[WHAT YOU WILL DO]: This calls for a word-for-word copy of all the data, with each picture removed.

[PROVIDED MATERIAL]:
# # # # # # #
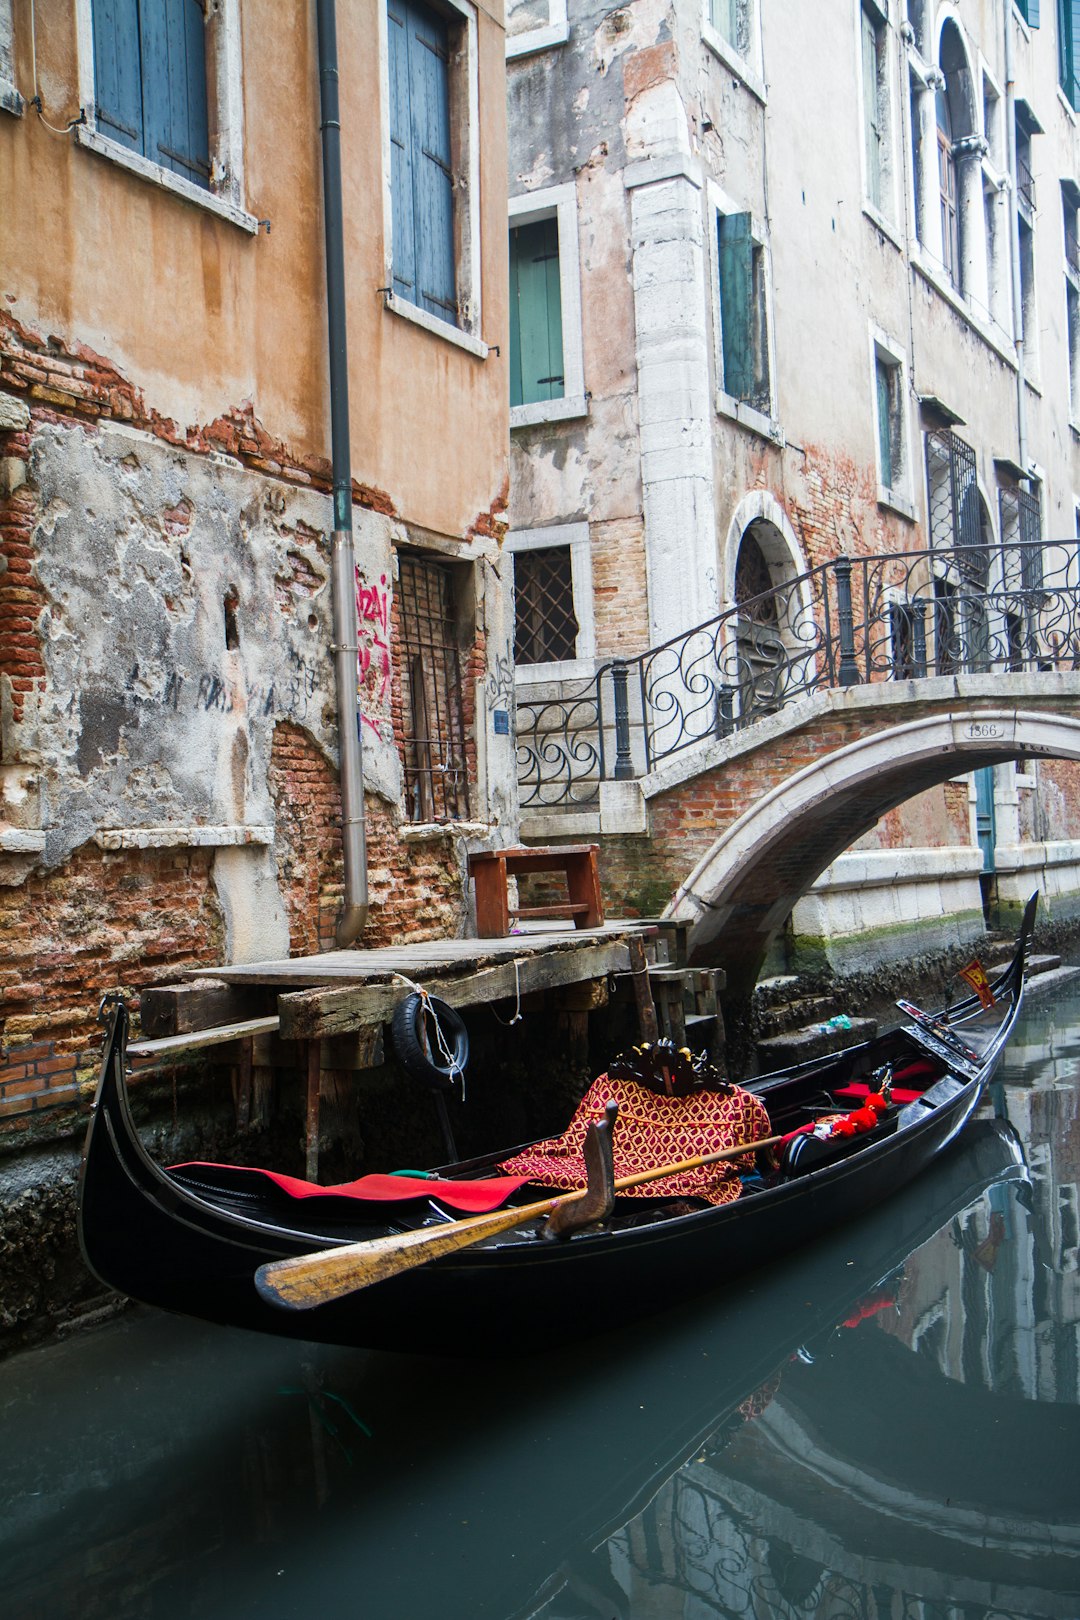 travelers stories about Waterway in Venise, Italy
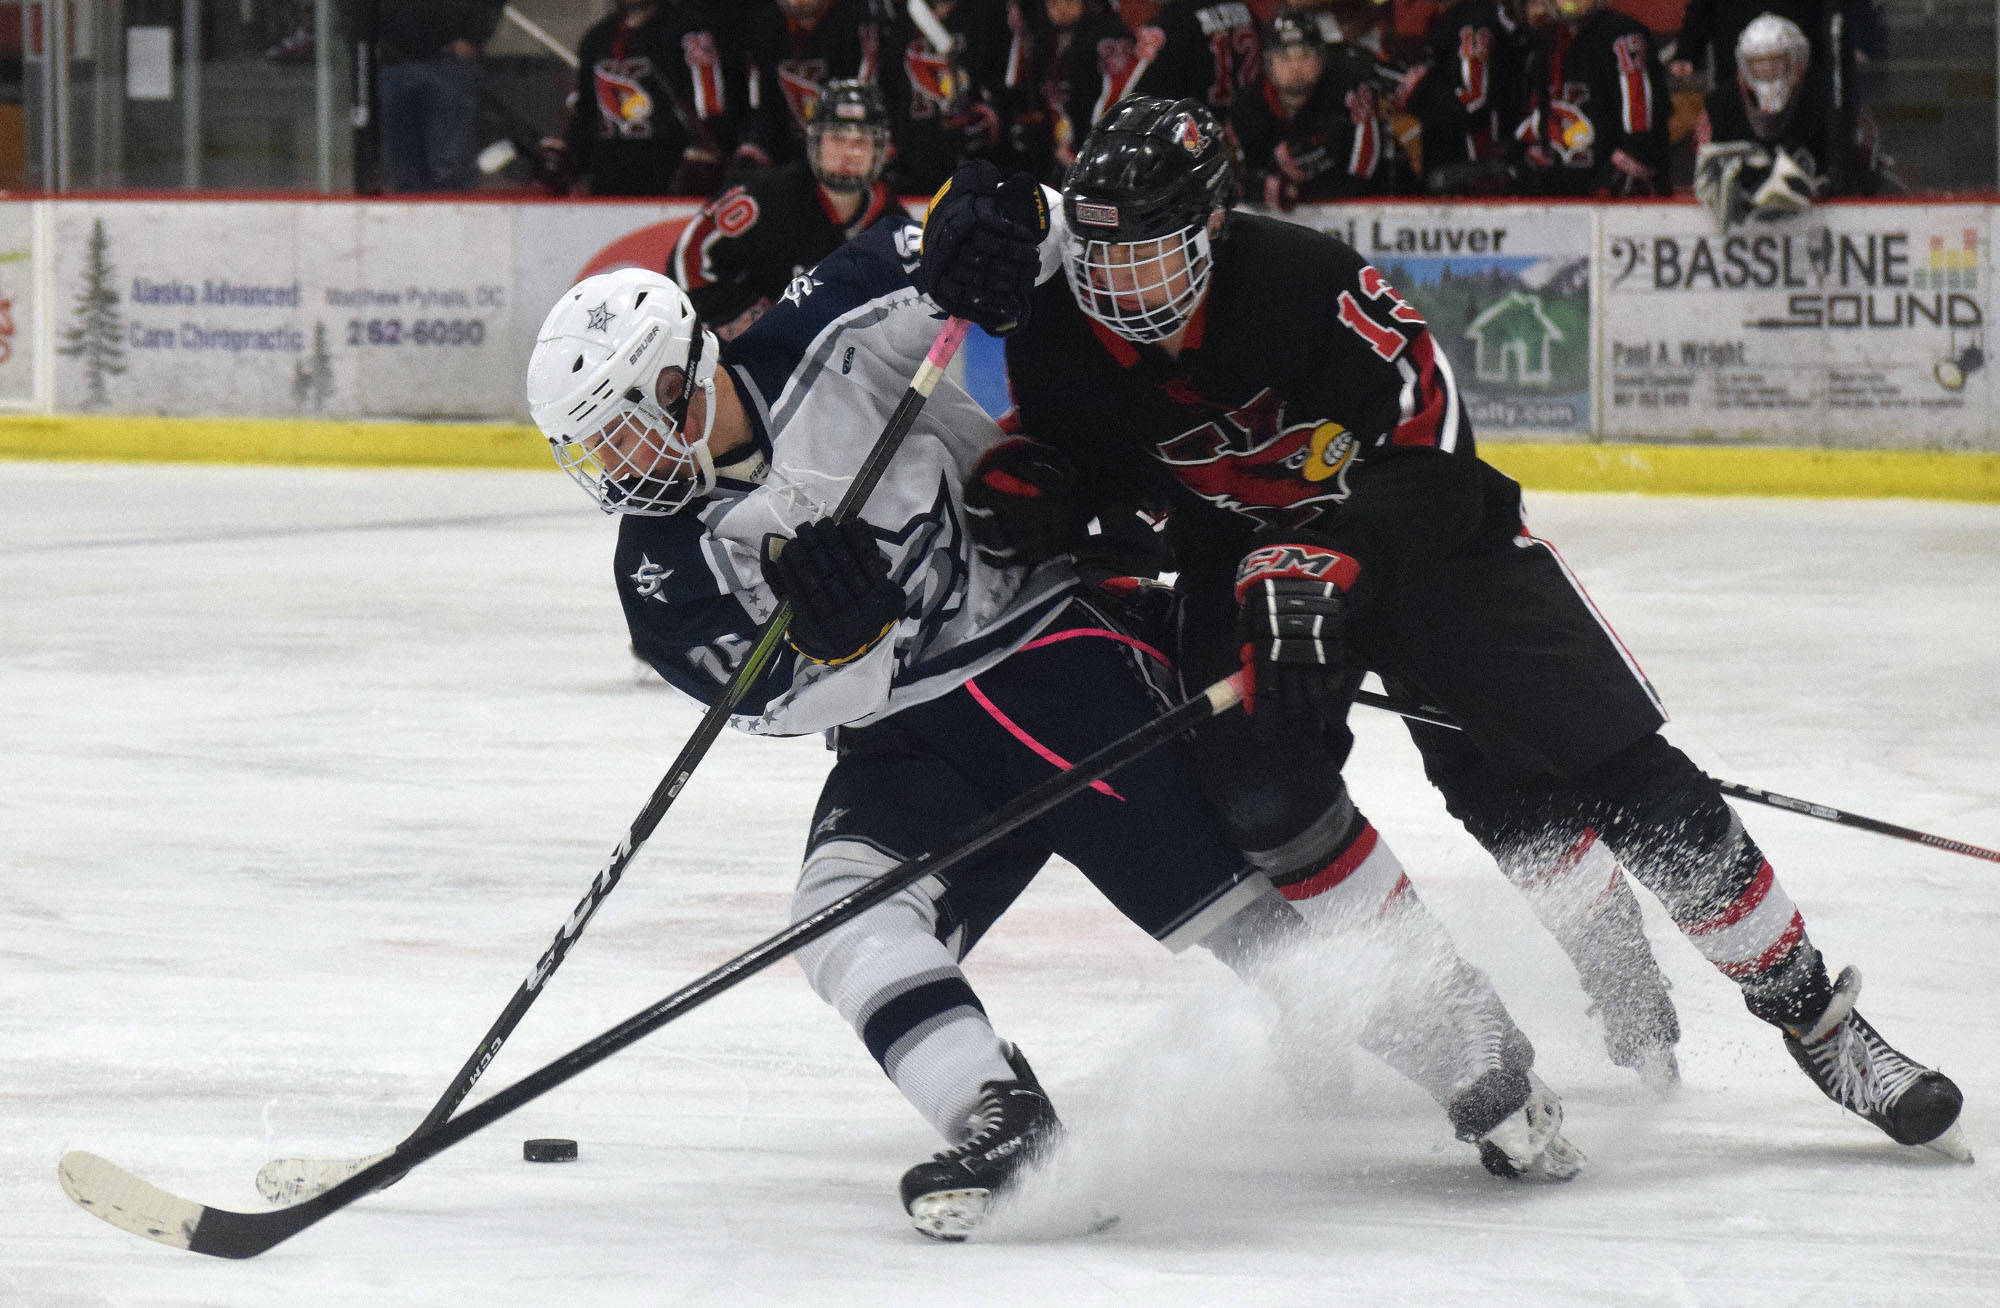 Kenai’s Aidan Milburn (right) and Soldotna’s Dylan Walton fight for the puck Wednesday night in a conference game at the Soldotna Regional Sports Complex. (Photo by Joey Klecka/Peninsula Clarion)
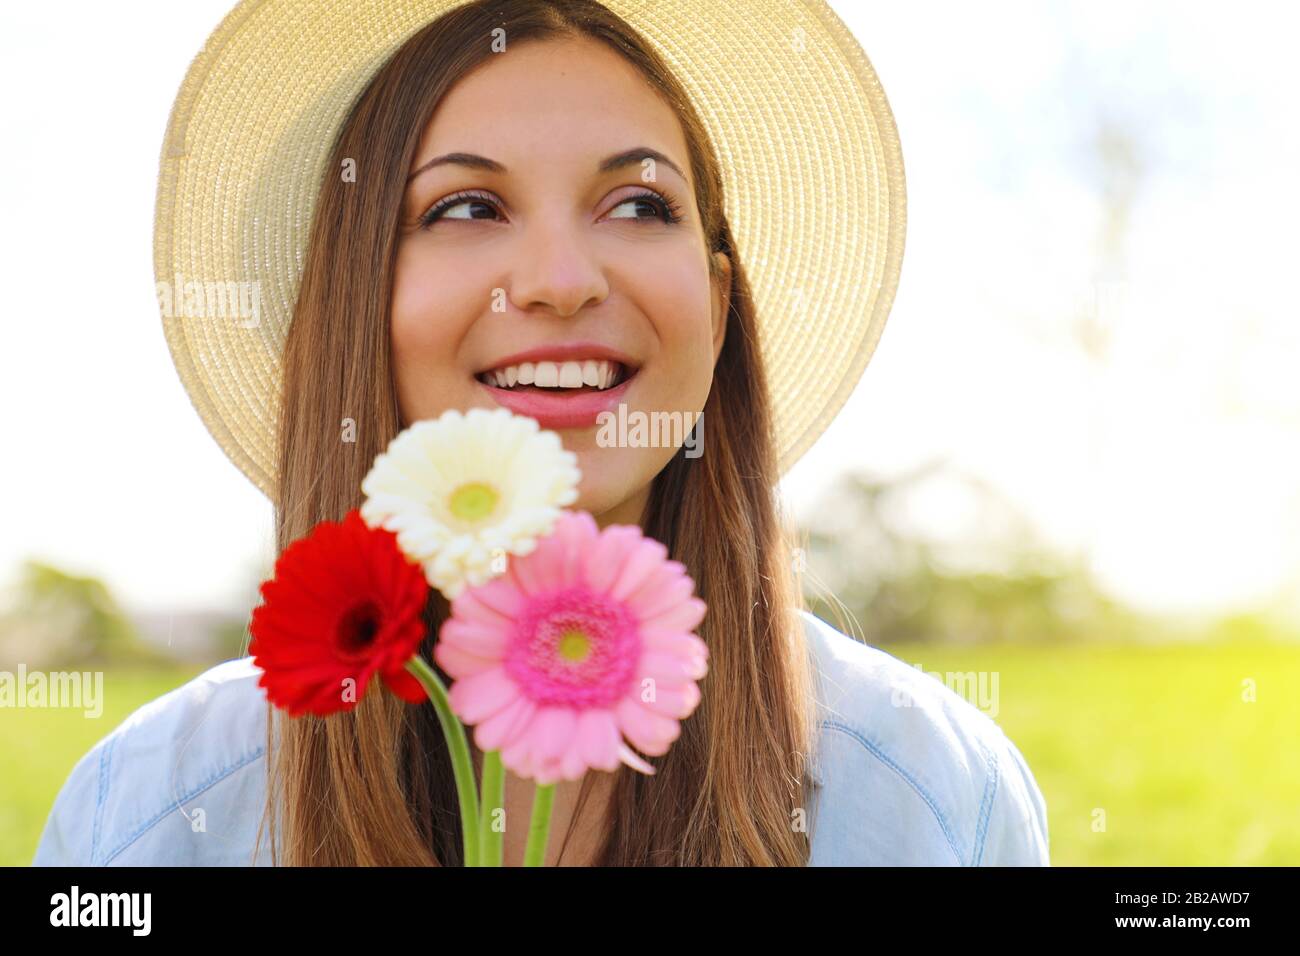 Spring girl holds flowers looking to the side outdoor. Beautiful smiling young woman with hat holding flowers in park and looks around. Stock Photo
# # # # # # #
[RESPONSE BOX]:
 travelers stories about Waterway in Venise, Italy
 Kenai’s Aidan Milburn (right) and Soldotna’s Dylan Walton fight for the puck Wednesday night in a conference game at the Soldotna Regional Sports Complex. (Photo by Joey Klecka/Peninsula Clarion)
 Spring girl holds flowers looking to the side outdoor. Beautiful smiling young woman with hat holding flowers in park and looks around. Stock Photo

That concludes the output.